No es cosa menor que Trump llegó a la presidencia de su país con una popularidad bajísima, del orden de 40 por ciento, menos de la mitad de lo que tenía Obama al asumir su cargo. Tampoco debe soslayarse la pujanza y diversidad de las movilizaciones de protesta en distintas partes de ese país, incluyendo la de las mujeres anunciada para hoy. En ese evento sin duda estará presente el mensaje de Meryl Streep, quien en la gala de los Globos de Oro hace días criticó a Trump porque se burló de un discapacitado cuando ese instinto para humillar es llevado a cabo por alguien con presencia en la escena pública se filtra en la vida de todos y es una especie de permiso para que otros hagan lo mismo.
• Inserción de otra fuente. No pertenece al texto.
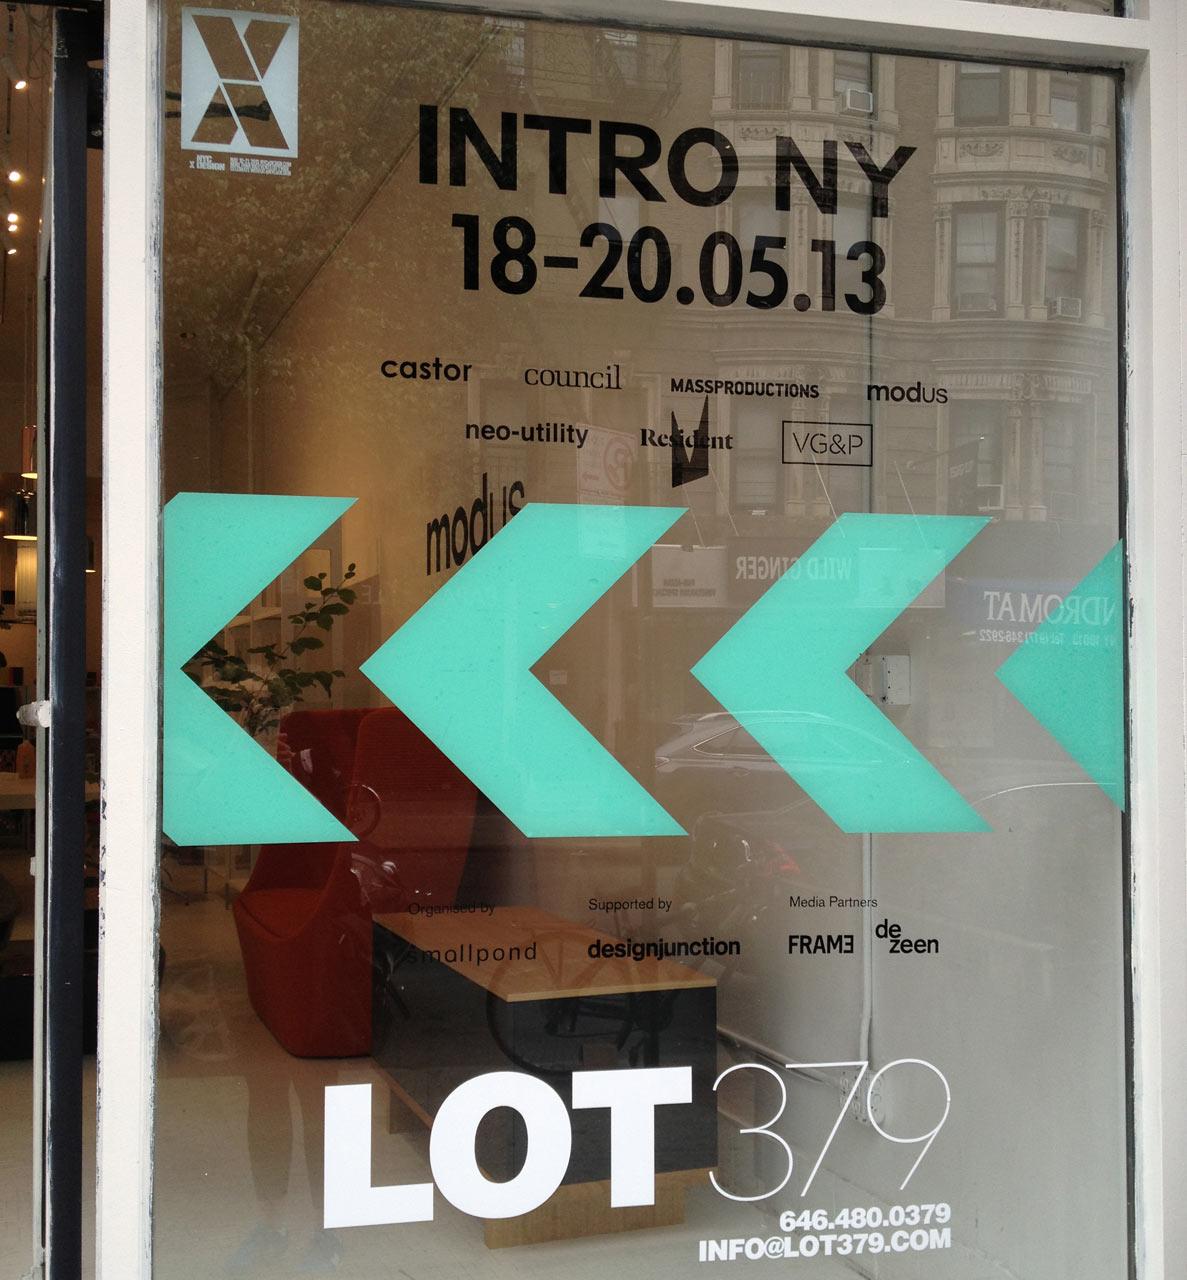 NYCxDesign 2013: INTRO NY

Trump desde antes de ocupar el cargo ya había lanzado amenazas a media humanidad o quizá, a la humanidad entera, no dejando títere con cabeza. Lo mismo nos cuestionó como vecinos que a Japón; a China, segunda economía del mundo, le advirtió que no respetaría su concepto de integridad territorial, y se burló de la Unión Europea alentando su desintegración, a pesar de que constituye en varios sentidos la expresión más avanzada de integración y civilización. A Angela Merkel, canciller alemana, la cuestionó abiertamente por su apoyo a uno de los valores humanos fundamentales, que es la solidaridad con los migrantes.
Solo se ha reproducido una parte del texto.